W I T N E S S E T H:
WHEREAS, reference is made to that certain Amended and Restated Credit Agreement, dated as of May 9, 2019 (as amended, restated, supplemented or otherwise modified and in effect immediately prior to the Seventh Amendment Effective Date, the “Existing Credit Agreement”; the Existing Credit Agreement, as amended hereby and as may be further amended, restated, supplemented or otherwise modified and in effect from time to time, the “Credit Agreement”), by, among others, (i) the Lead Borrower, (ii) the other Borrowers from time to time party thereto, (iii) the Guarantors from time to time party thereto, (iv) the Lenders from time to time party thereto and (v) Wells Fargo Bank, National Association, as Administrative Agent, Collateral Agent, Swing Line Lender and Term Agent;
WHEREAS, the Agents, the Term Agent, the Lenders and the Loan Parties entered into that certain Forbearance Agreement, dated as of February 29, 2024 (as amended, restated, supplemented or otherwise modified and in effect immediately prior to the Seventh Amendment Effective Date, the “Forbearance Agreement”), in which the Agents, the Term Agent, and the Lenders agreed (subject to the terms and conditions set forth therein), among other things, to temporarily forbear from exercising their rights and remedies in respect of the Existing Event of Default (as defined therein), as more fully set forth therein;
WHEREAS, the Loan Parties and Mithaq Capital SPC, a Cayman segregated portfolio company (“Mithaq”), desire for the Lead Borrower to enter into an Unsecured Promissory Note, dated as of April 16, 2024 (the “Mithaq Second Subordinated Note”), pursuant to which Mithaq shall provide an unsecured term loan to the Lead Borrower in an aggregate original principal amount equal to $90 million (the “Mithaq Subordinated Term Loan”), the proceeds of which shall, among other things, repay in full the Term Loan (including all interest thereon and all fees, expenses and other Obligations related thereto) (the “Existing Term Obligations”) under the Existing Credit Agreement; and
WHEREAS, in connection with the foregoing, the Loan Parties have requested that the Administrative Agent and the Lenders waive the Existing Event of Default and amend certain terms and conditions of the Existing Credit Agreement, and the Administrative Agent and the Lenders have agreed to each of the foregoing on the terms, and subject to the conditions, set forth herein.
NOW, THEREFORE, for good and valuable consideration, the receipt and sufficiency of which is hereby acknowledged, the parties hereto agree as follows:
1.Definitions. All capitalized terms used herein and not otherwise defined shall have the same meaning herein as in the Credit Agreement.

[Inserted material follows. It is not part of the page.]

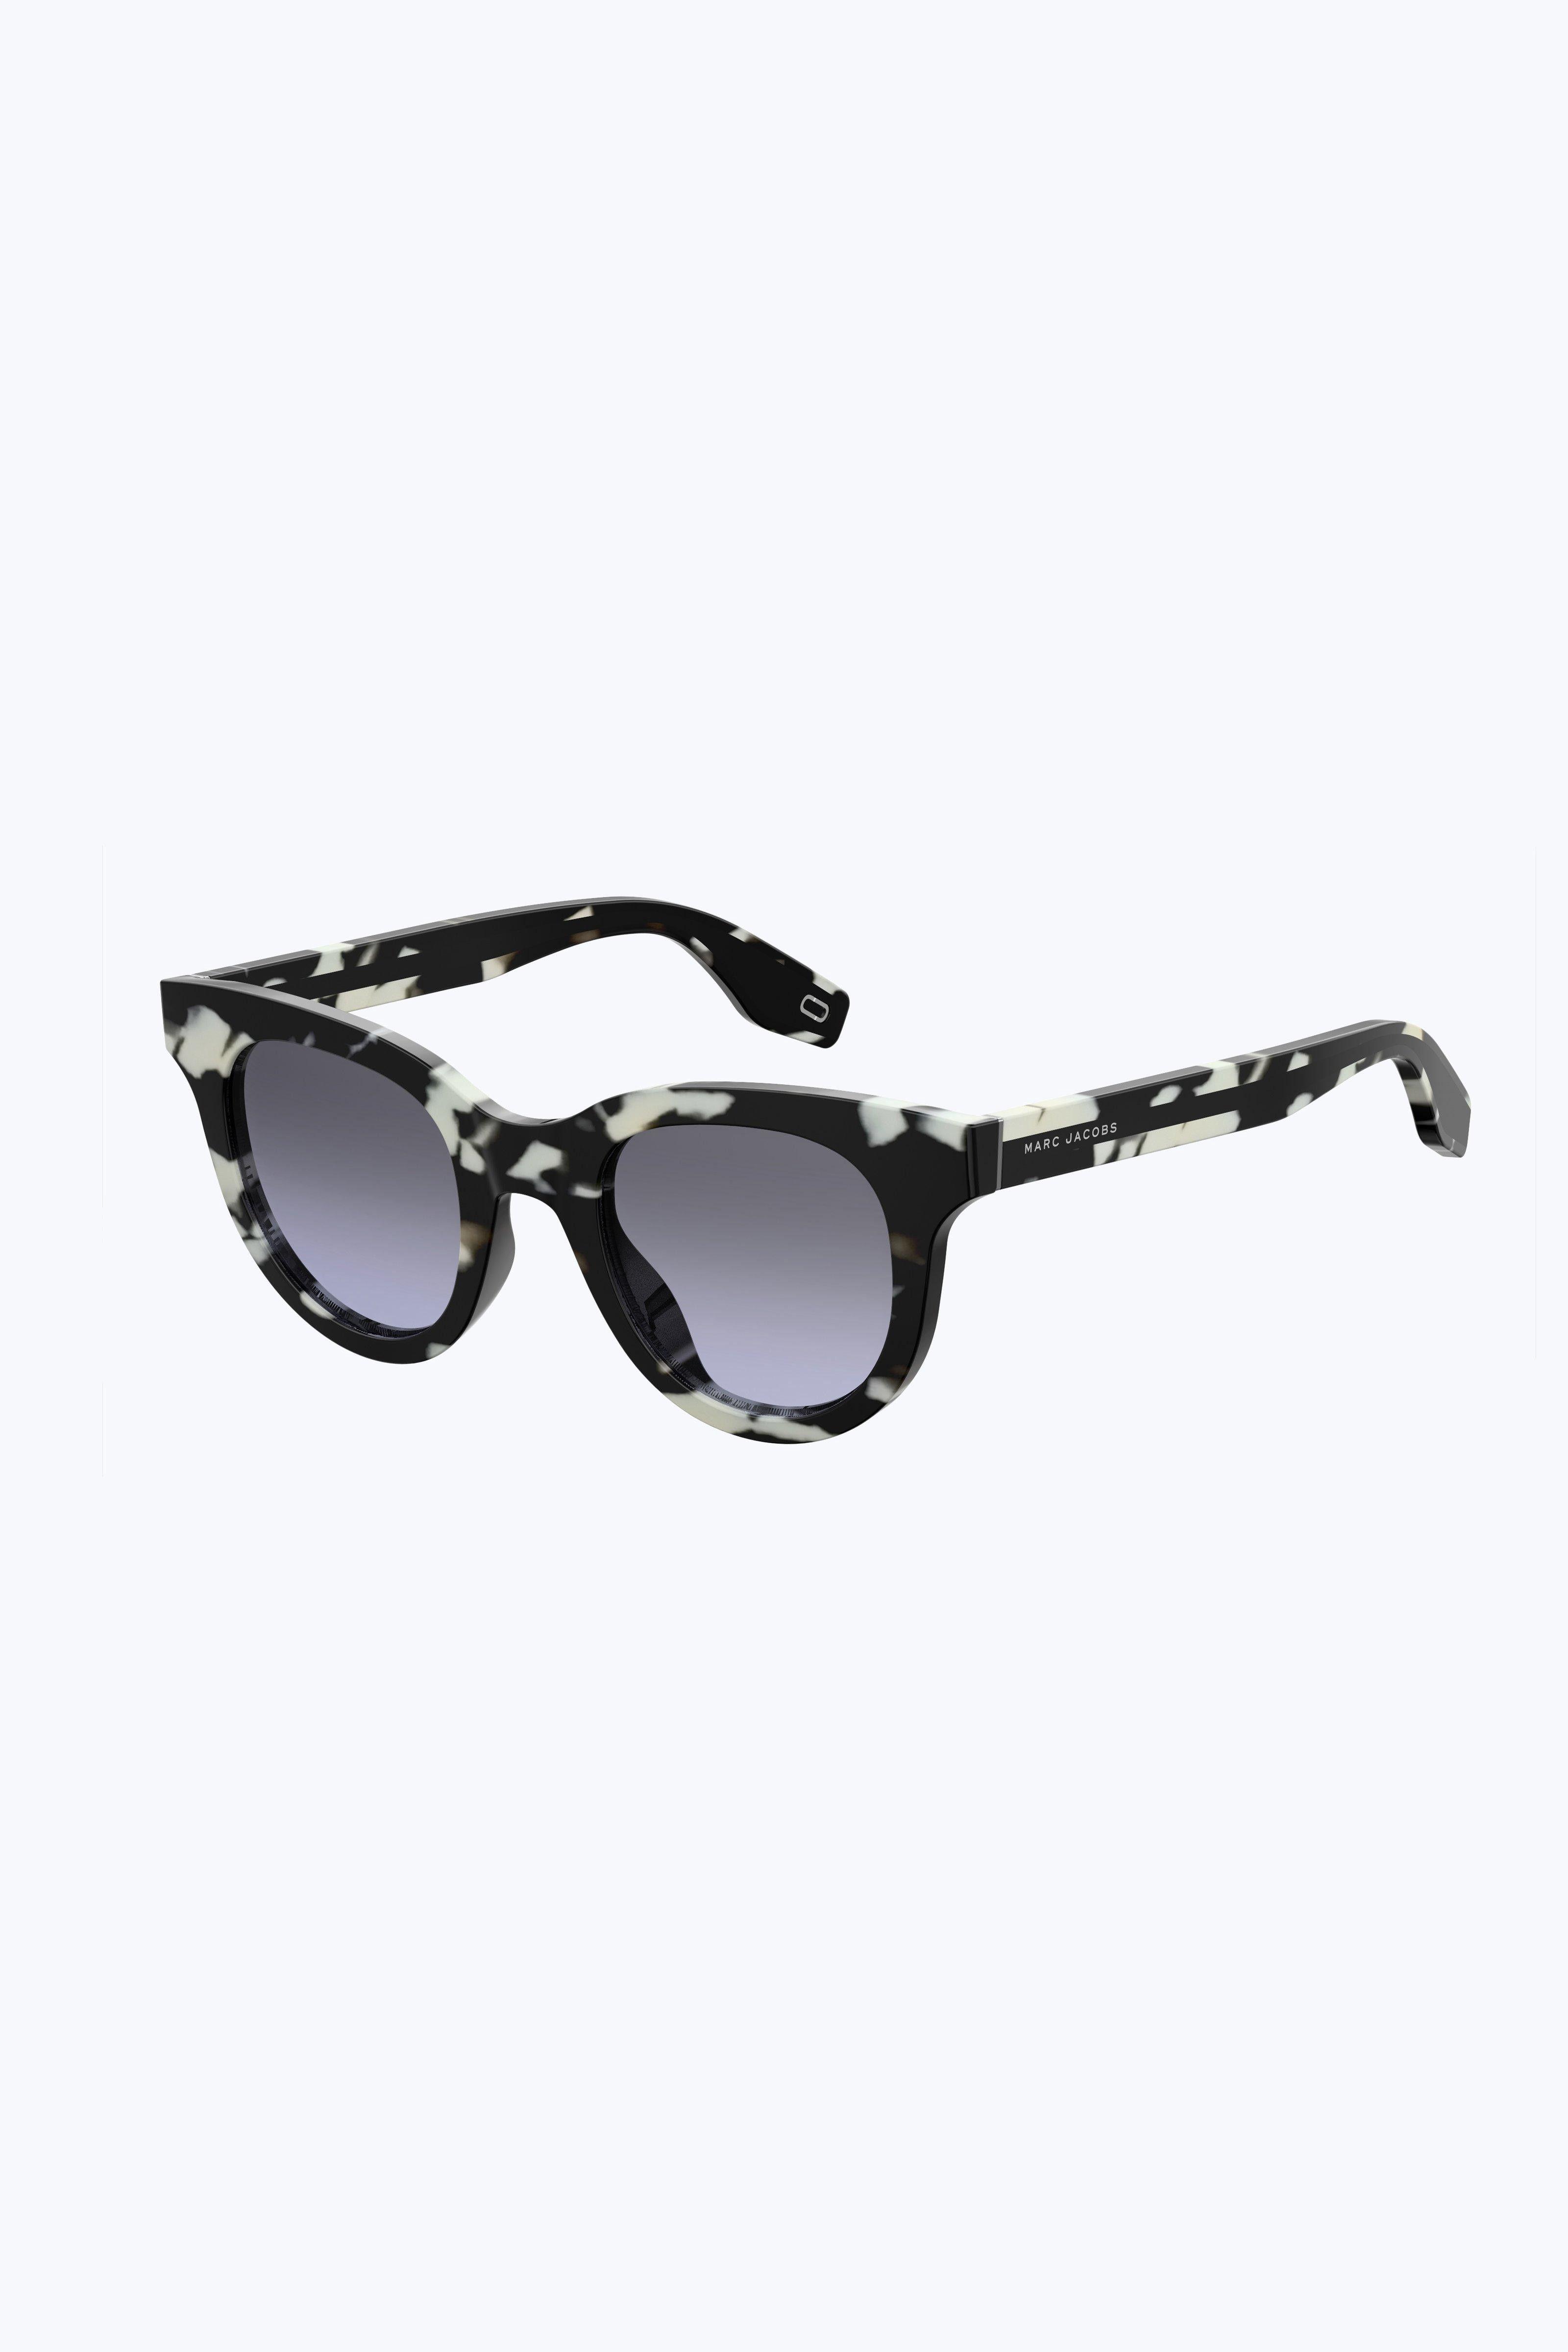 e1dc8e55e8 Marc Jacobs Iconic Stripes Round Cateye - Black Dark Grey 1Sz ...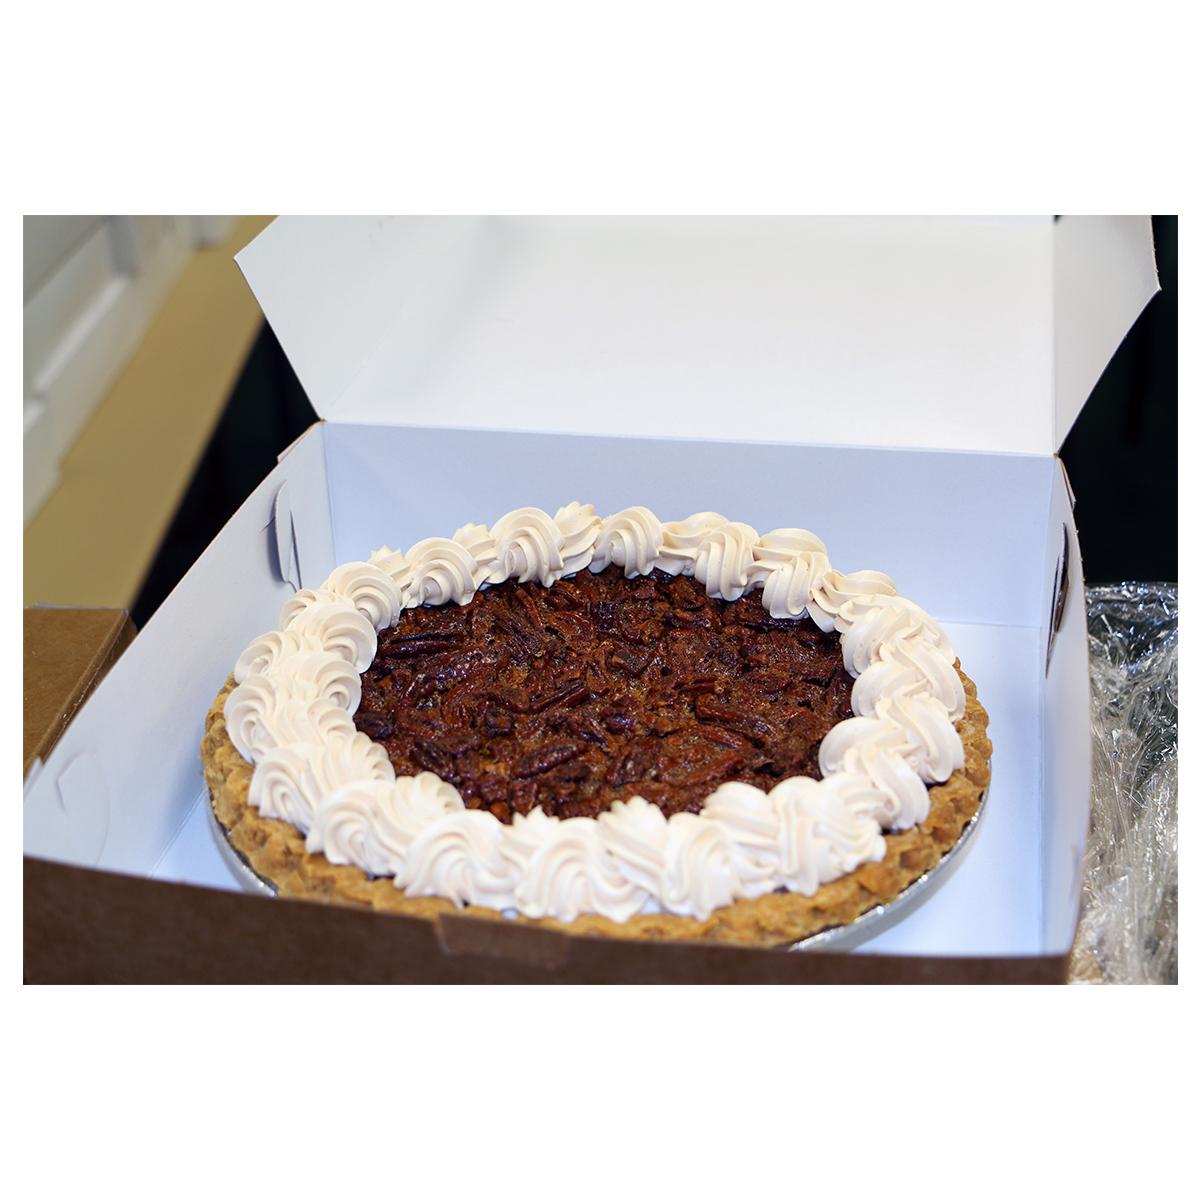 Pecan Pie Picture -

2.Limited Waiver. Upon the Seventh Amendment Effective Date (as defined below) and in reliance upon the representations and warranties of the Loan Parties set forth in Section 6 below, the Administrative Agent and the Lenders hereby (x) waive the Existing Event of Default and (y) confirm that, as a result of the occurrence of the Seventh Amendment Effective Date and the Existing Event of Default no longer being continuing, the provisions of Section 4 of the Forbearance Agreement shall be deemed terminated notwithstanding anything to the contrary therein. The foregoing limited waiver (a) relates only to the Existing Event of Default; (b) is a one-time waiver; (c) shall not be deemed to constitute a waiver of any other Default or Event of Default now existing or hereafter arising; (d) does not constitute a modification or waiver of any other obligations of the Loan Parties under the Existing Credit Agreement or any other Loan Document, or an amendment to any terms or conditions of the Existing Credit Agreement or any other Loan Document, each of which remains in full force and effect (except as otherwise modified on the Seventh Amendment Effective Date); (e) is granted in express reliance upon the Loan Parties’ representations, warranties, and agreements set forth herein; and (f) does not establish (and is not to be deemed to establish) a course of dealing or conduct by the Administrative Agent or the Lenders.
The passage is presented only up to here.